Acer Predator 17 review: who would want a gaming laptop? – The Verge
In practice, what all of this means is that the Predator 17 just breezes through practically anything you could throw at it. I installed the most challenging titles from my Steam and Origin libraries — think Ryse: Son of Rome, Crysis 3, Dying Light, and so on — and saw smooth frame rates on the highest graphical settings in all. Ark: Survival Evolved, a Steam Early Access title with notoriously poor optimization, was playable on higher settings even though it grinds to a halt on my gaming desktop. Last month I bought The Witness to test because I’d heard that its PC port was inflexible and a lot of people were having trouble running it. My result? Near-flawless performance, with the occasional torn frame when looking at puzzles. In desperation I tried Star Wars Battlefront, possibly the most visually advanced game out there today and one that I’ve been playing on Xbox One for months. I learned two things: Star Wars Battlefront looks a lot better on a good PC than on the Xbox One, and the Predator 17 handles it pretty well on ultra settings with the odd frame-rate drop. Turn the shadow detail down a touch and you’re golden.
So no, performance isn’t a concern with the Predator 17 — at least not in early 2016. One issue with gaming laptops is that you can’t really upgrade them later on, meaning that you’ll need to buy a whole new machine once the GPU inside isn’t up to snuff. And considering that the 980M came out in 2014, that may well be a concern. But the Predator 17 runs everything with such aplomb that I can’t see any reason why it wouldn’t be fit for this purpose for quite a few years to come.
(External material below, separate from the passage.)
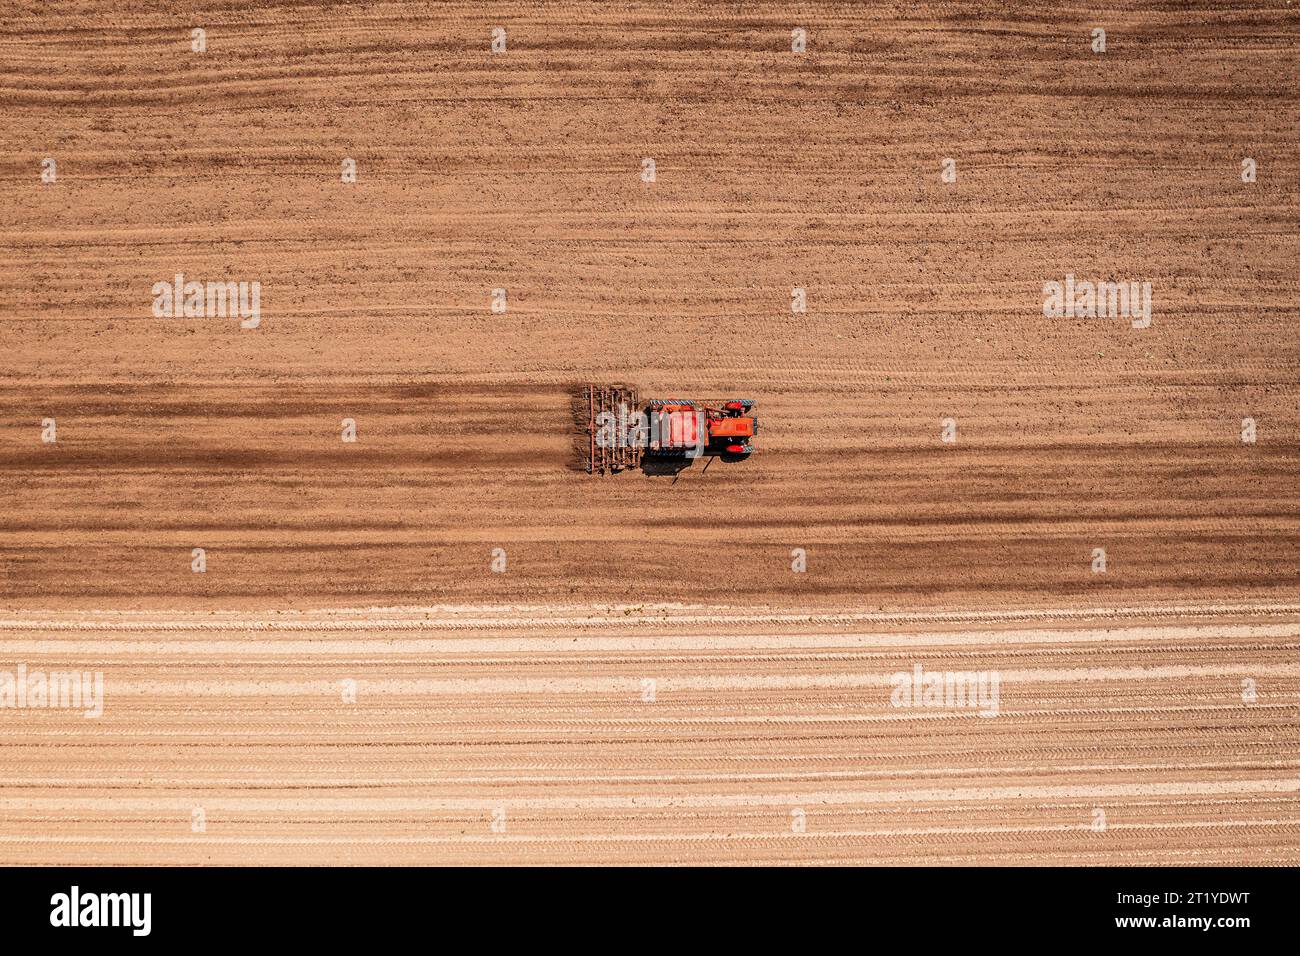 Roter landwirtschaftlicher Traktor mit angebauter Deichsel, der vor der Aussaat die Bodenbearbeitung durchführt, Luftaufnahme vom Drohnen-pov von oben nach unten Stockfoto

This might be the best notebook keyboard I’ve ever used
I also want to call attention to the Predator 17’s keyboard, which I’m pretty sure is the best I’ve ever used on a notebook. It doesn’t feel like the chunky mechanical keys favored by many gamers, but it offers comfortable travel and snappy response equally well suited to gaming and typing — my only issue was having to adjust my hand position due to the sheer thickness of the machine. The Predator 17’s giant frame also means there’s room for a full layout complete with a numpad and customizable macro buttons. I was less impressed by the trackpad, which feels like, well, a trackpad on a cheaper Acer laptop. If ever a laptop maker could be forgiven for assuming the presence of a mouse, though, it’d be on a gaming laptop; that’s why this one even has a discrete glowing button to switch the trackpad off entirely.
Really, my biggest problem with the Predator 17 was just finding an occasion to use it. My primary computer is a 12-inch MacBook, which is about as different a laptop as it’s possible to make, and is obviously much better suited for typical laptop things like browsing on the sofa or working at a cafe. My other computer is an Alienware X51 gaming desktop, which actually gets smoked by the Predator 17 in terms of performance, but I find it a lot more comfortable to use — I have a setup with a 21:9 ultrawide monitor and a comfy chair to lean back into. Hunching over a table to look at games on a smaller laptop screen just isn’t as appealing, even if the graphics are better.